As ações e opiniões conscientemente expressas são, em geral, suficientes para a finalidade prática de

julgar o caráter dos homens. As ações merecem ser consideradas antes e acima de tudo, pois muitos

impulsos que irrompem na consciência são ainda reduzidos a nada pelas forças reais da vida anímica,

antes de amadurecer sob a forma de atos. Com efeito, tais impulsos muitas vezes não encontram nenhum

obstáculo psíquico a seu progresso, exatamente porque o inconsciente tem certeza de que serão detidos

em alguma outra etapa. De qualquer modo, é instrutivo tomar conhecimento do terreno tão revolvido de

onde brotam orgulhosamente nossas virtudes. É muito raro a complexidade de um caráter humano,

impelida de um lado para outro por forças dinâmicas, submeter-se a uma escolha entre alternativas

simples, como levaria a crer nossa antiquada doutrina ética.
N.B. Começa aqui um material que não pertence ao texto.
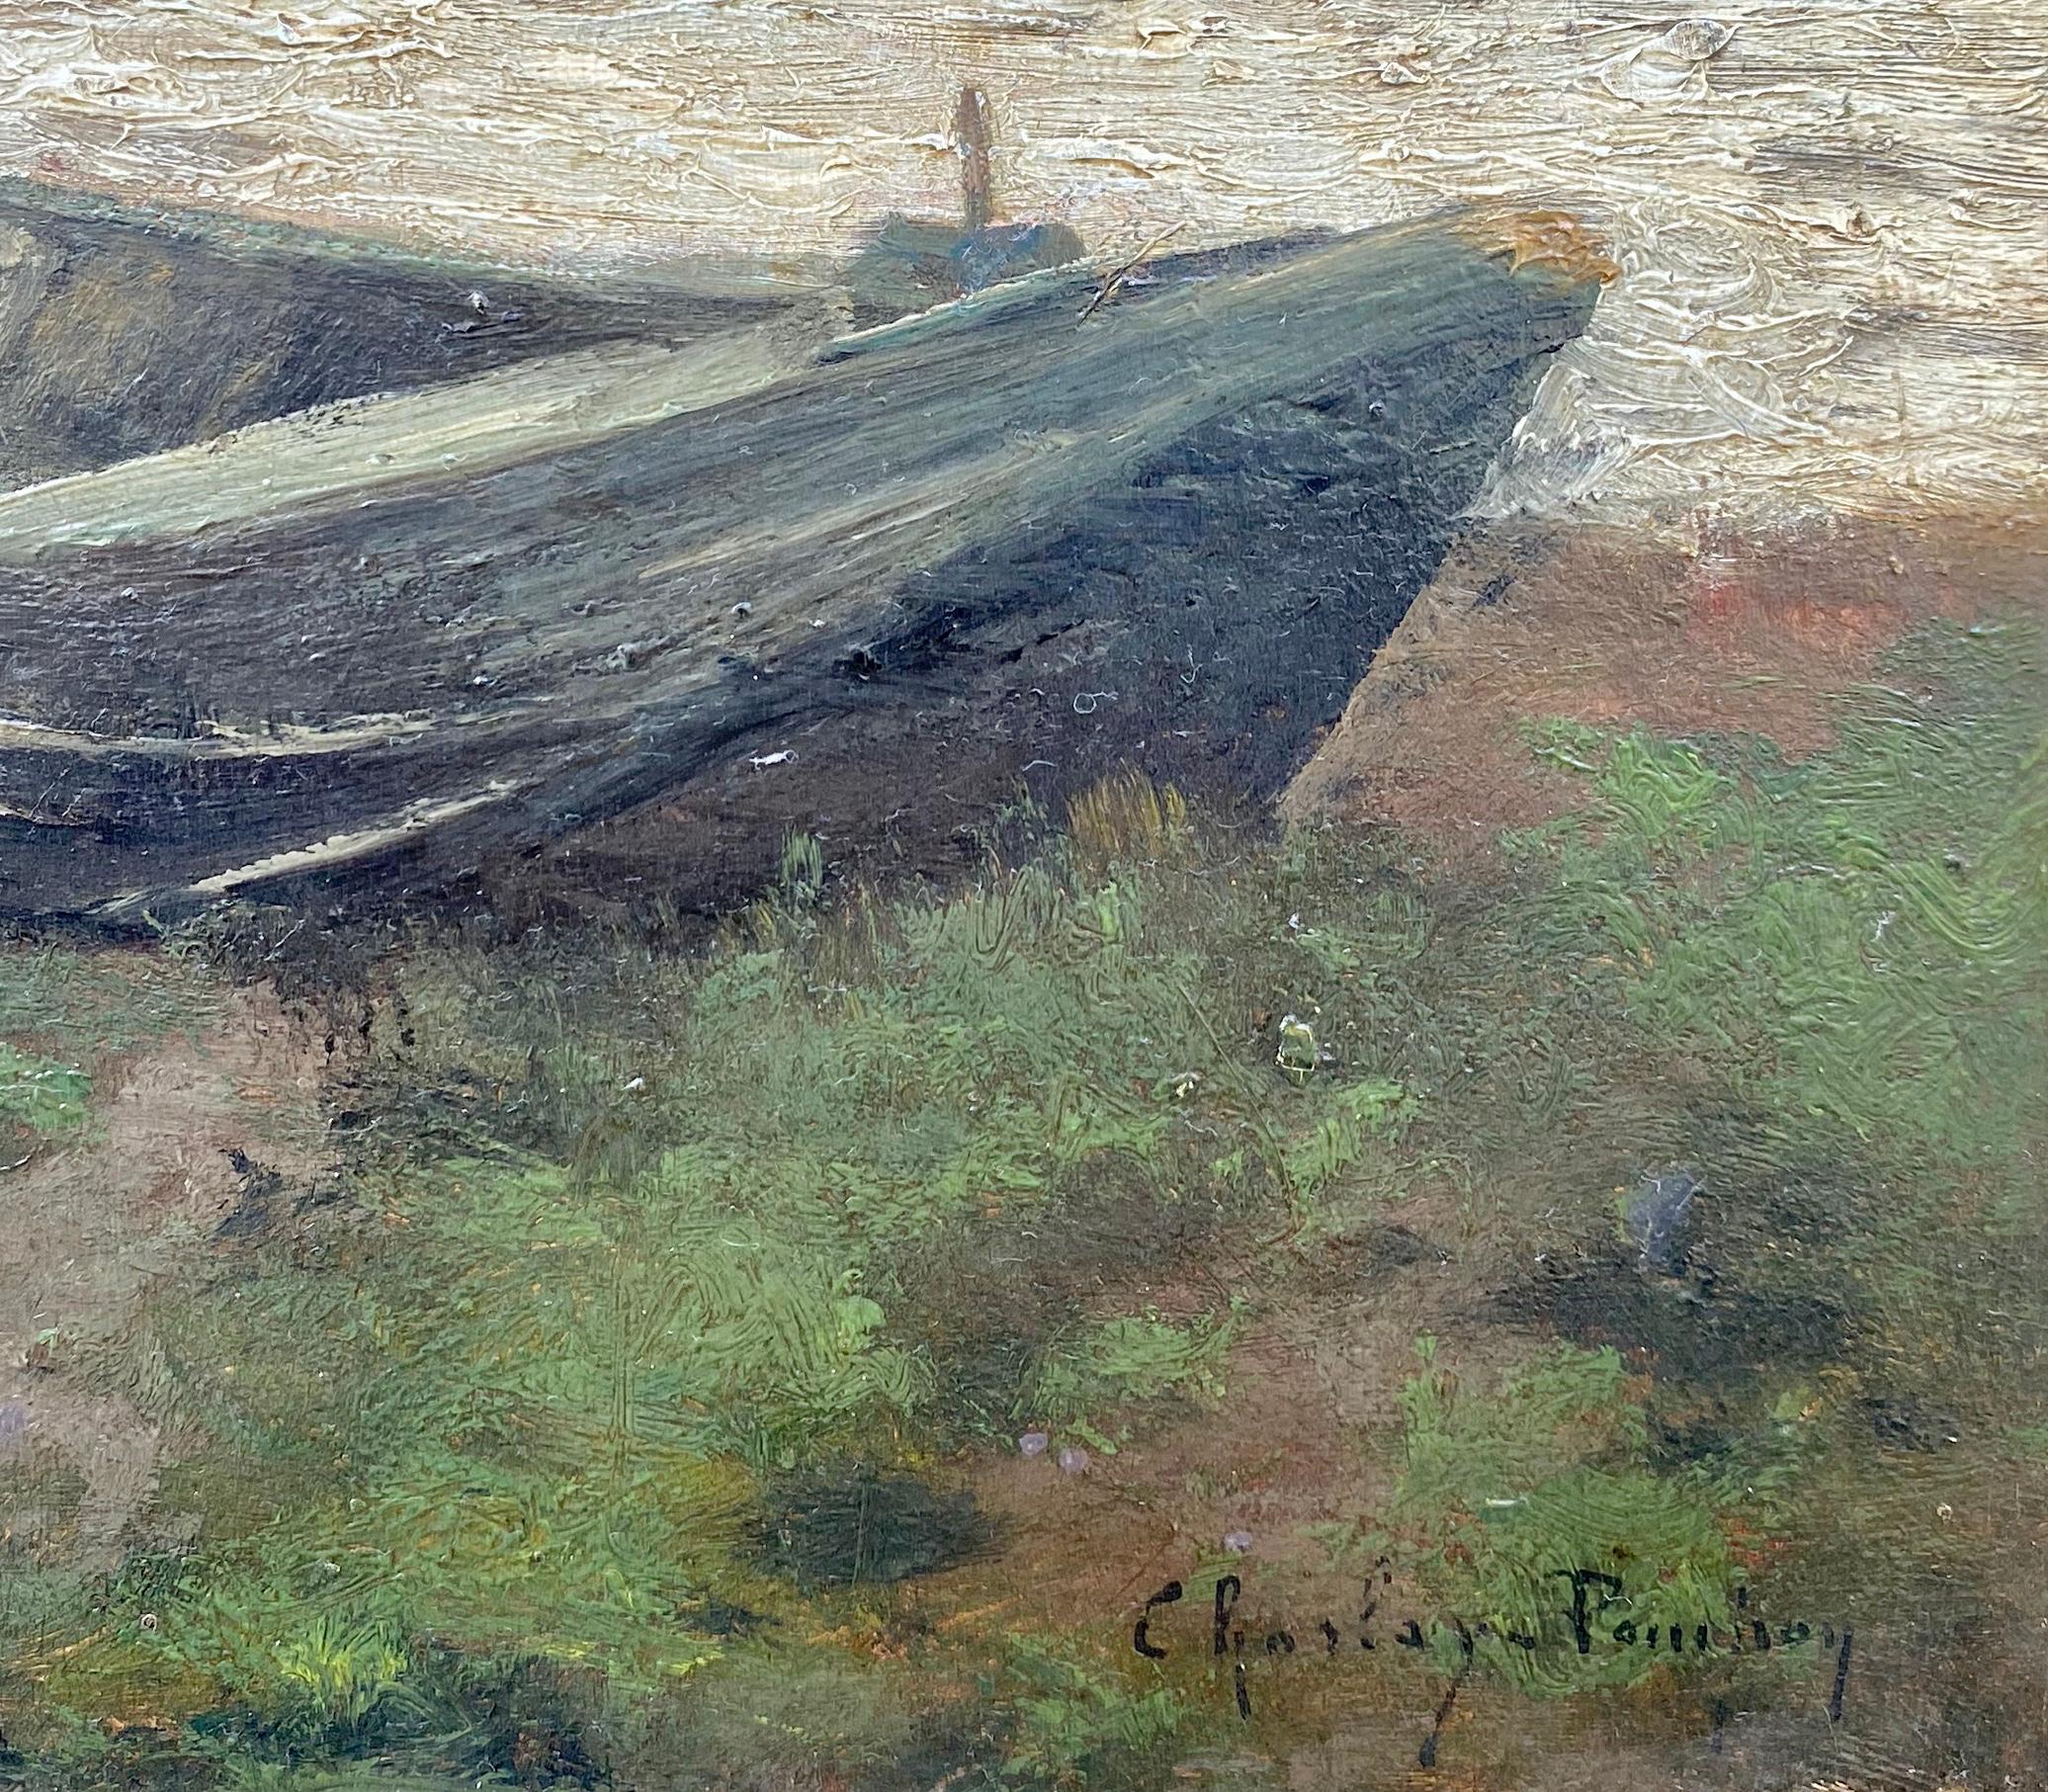 Nach dem Sturm, der blaue Kanus: Impressionistische Pleinair-F Flussssszene (Impressionismus), Painting, von Charles Charlay-Pompon

E quanto ao valor dos sonhos para nos elucidar o futuro? Naturalmente, isso está fora de cogitação.

Mais certo seria dizer, em vez disso, que eles nos elucidam o passado, pois os sonhos se originam do

passado em todos os sentidos. Não obstante, a antiga crença de que os sonhos prevêem o futuro não é

inteiramente desprovida de verdade. Afinal, ao retratar a realização de nossos desejos, os sonhos decerto

nos transportam para o futuro. Mas esse futuro, que o sonhador representa como presente foi moldado por

seu desejo indestrutível à imagem e semelhança do passado.